→ To do
Print the data that follows word for word, leaving out any picture.

→ Source data
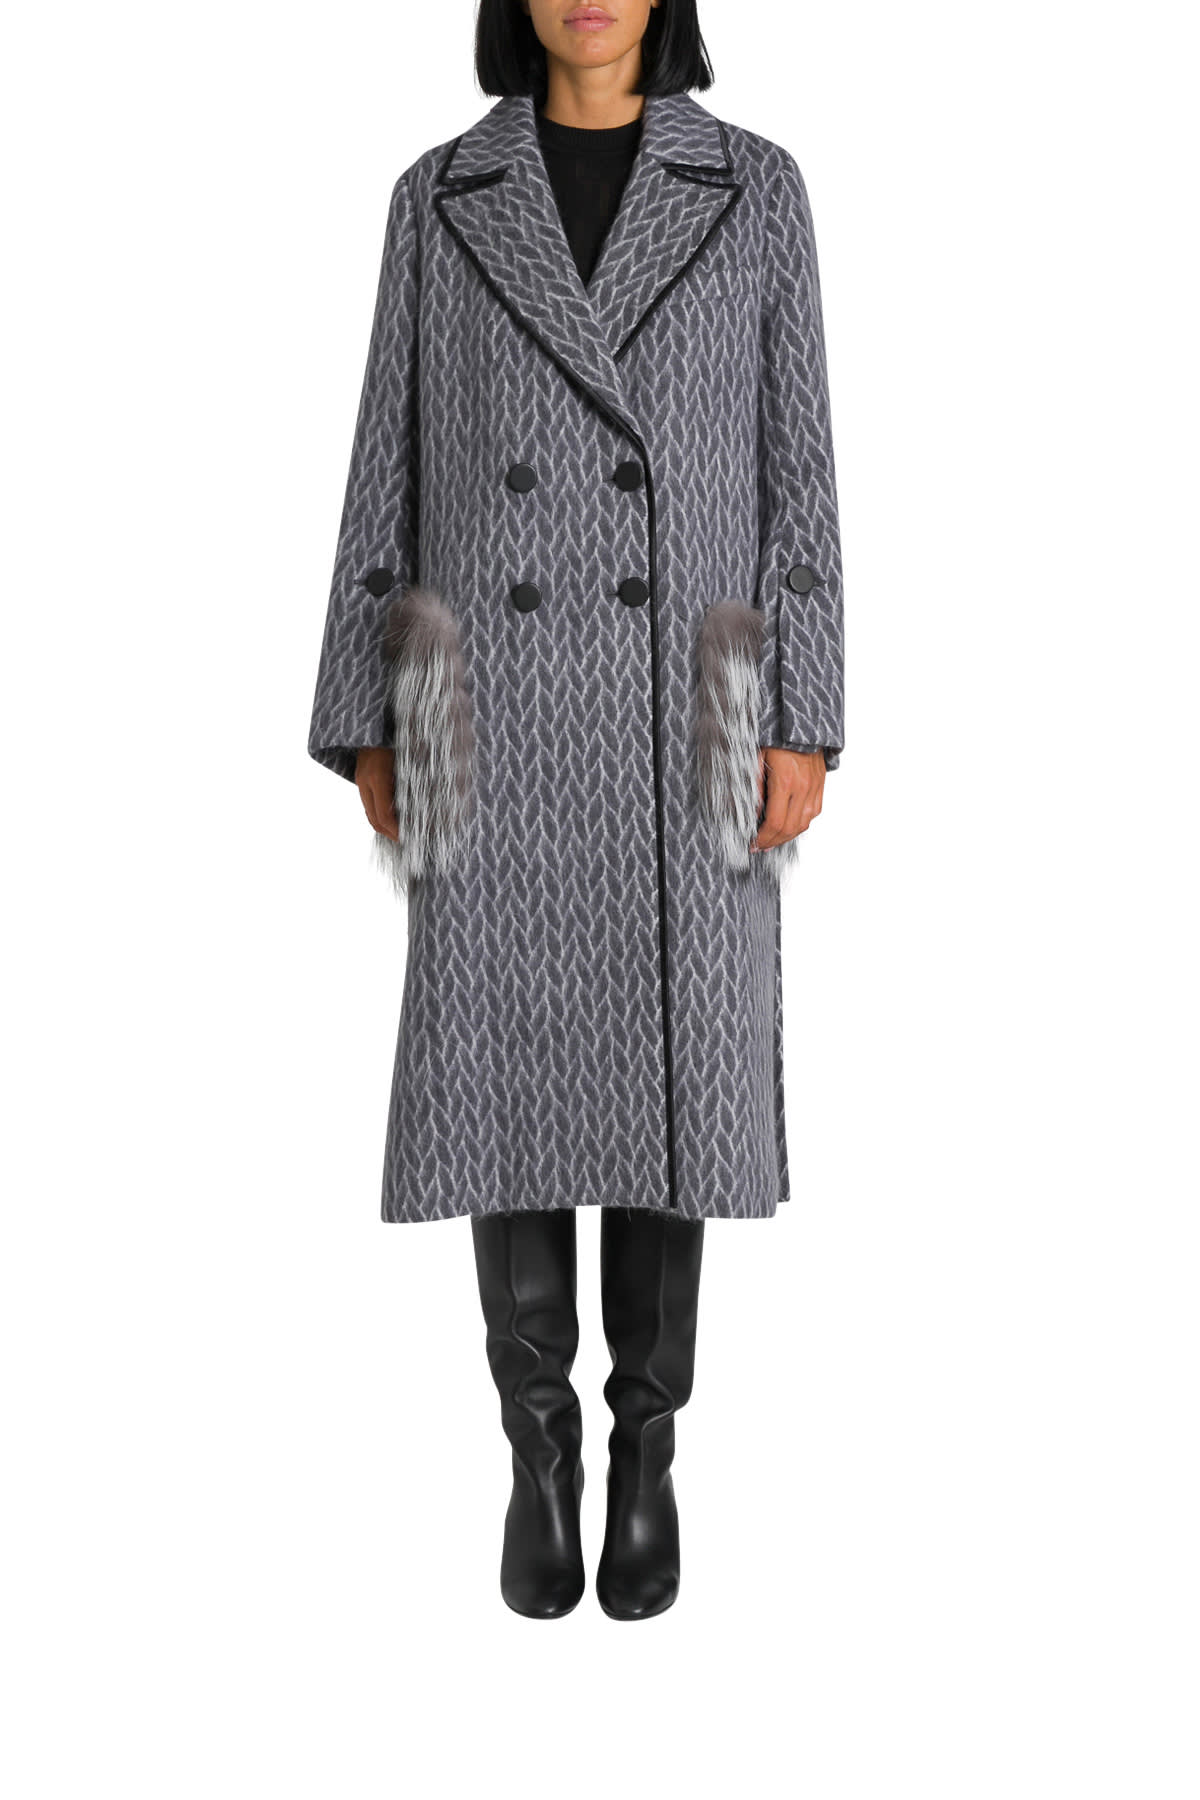 Fendi Coat With Fur Pockets
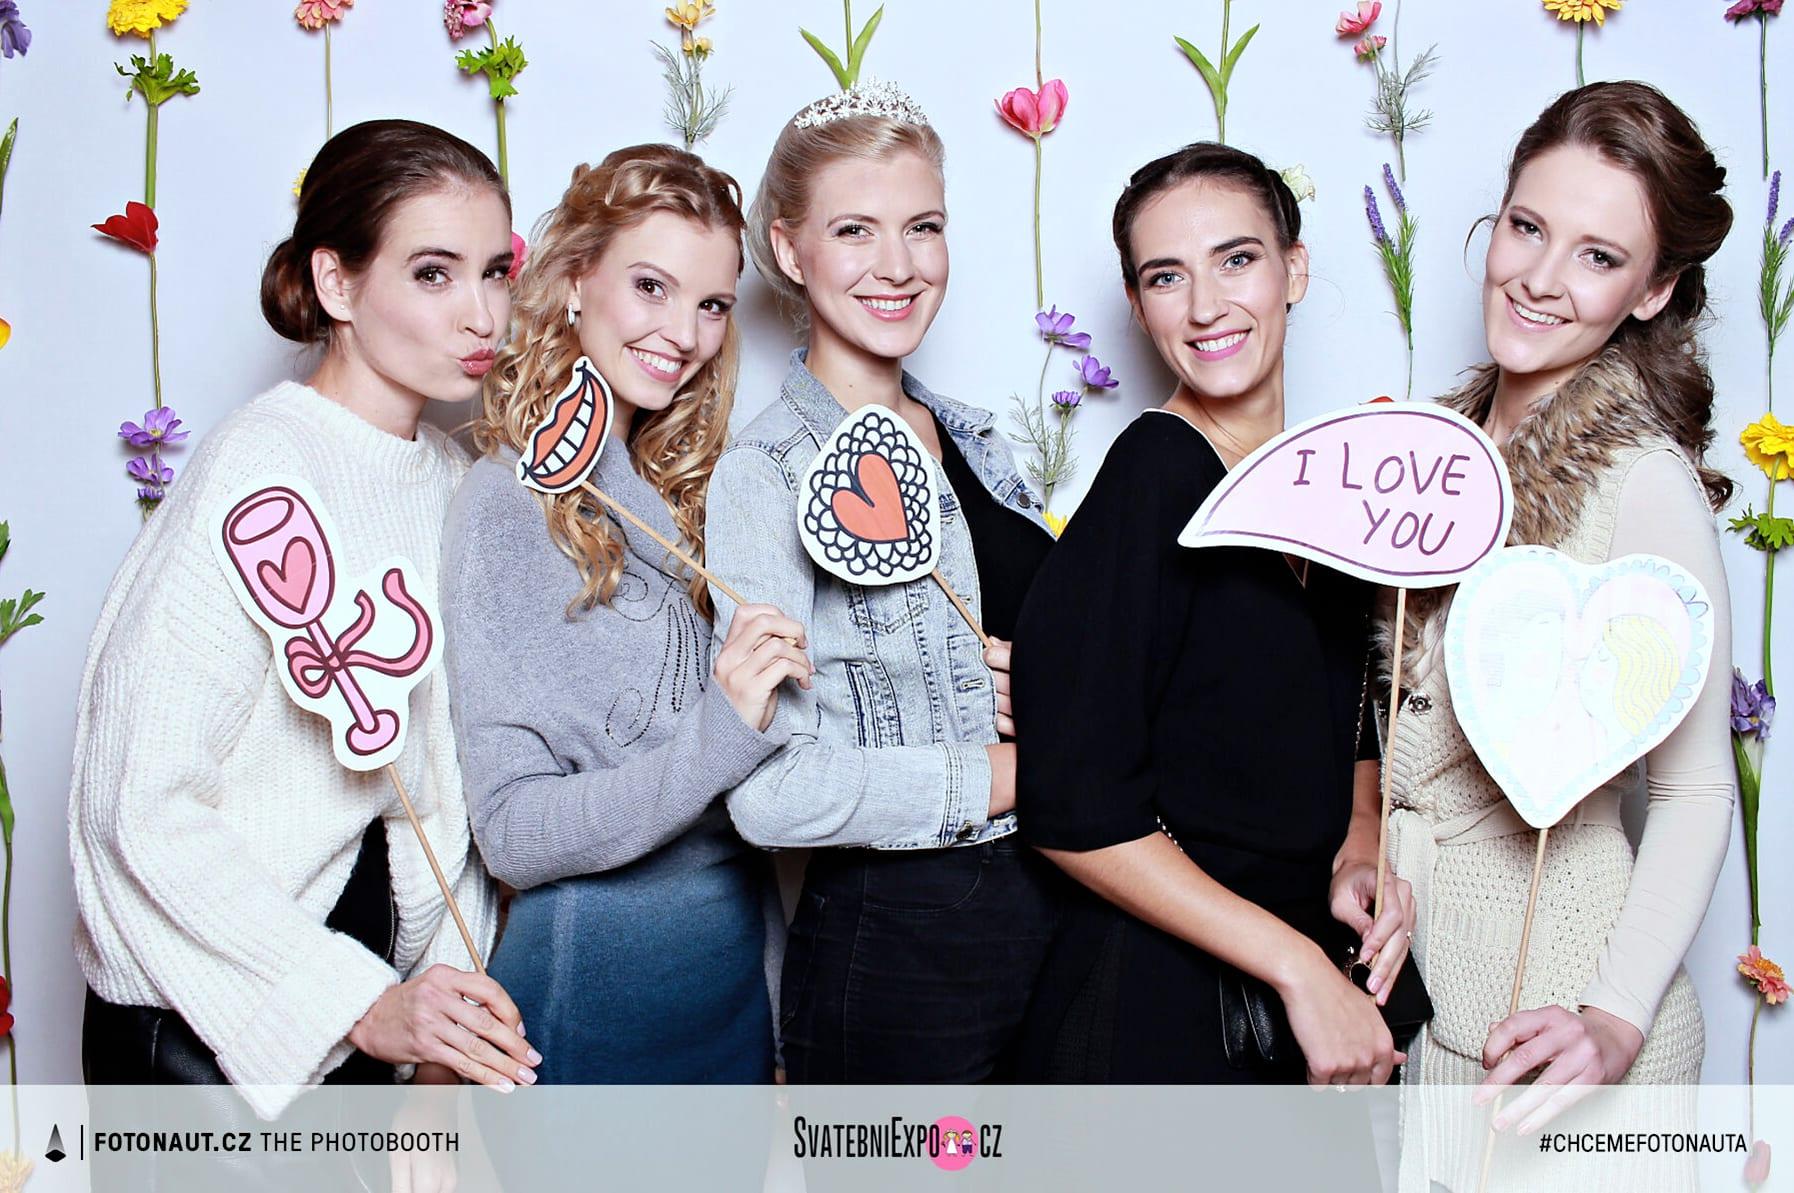 fotokoutek-svatebni-expo-16-11-2018-521637
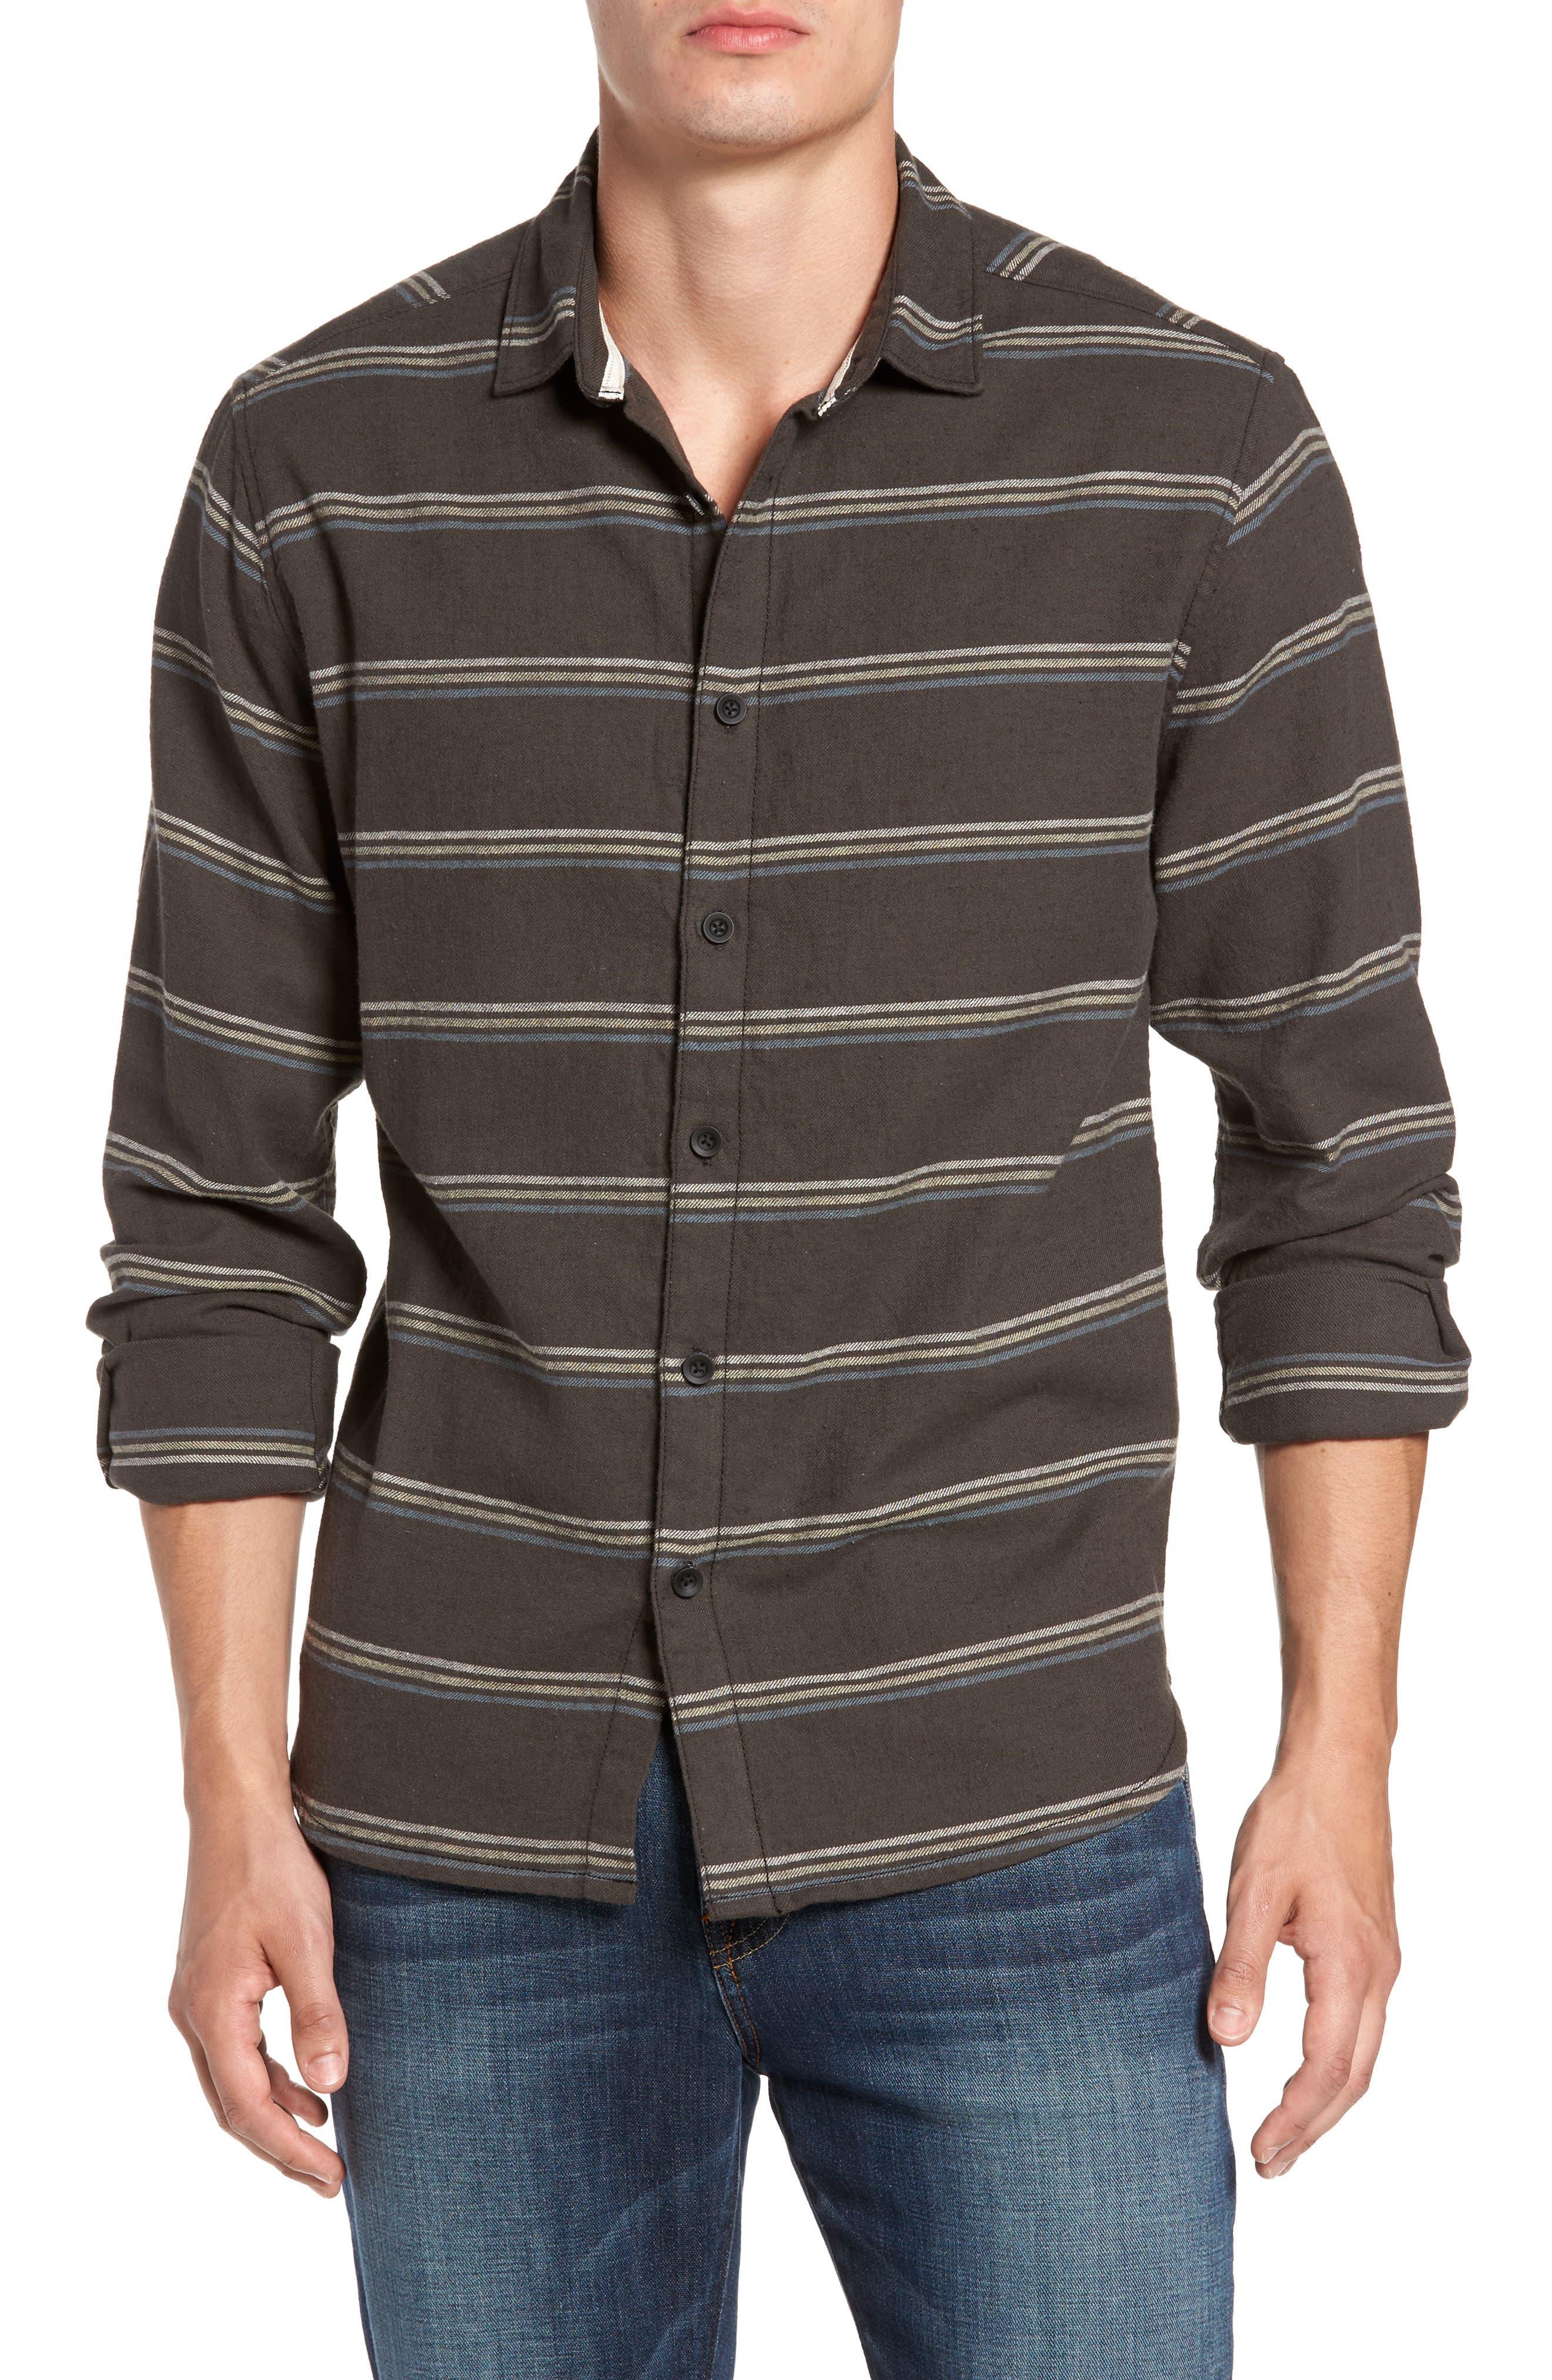 McKinley Stripe Shirt,                             Main thumbnail 1, color,                             Blackstone

→ Result for this task
 Fendi Coat With Fur Pockets
 fotokoutek-svatebni-expo-16-11-2018-521637
 McKinley Stripe Shirt,                             Main thumbnail 1, color,                             Blackstone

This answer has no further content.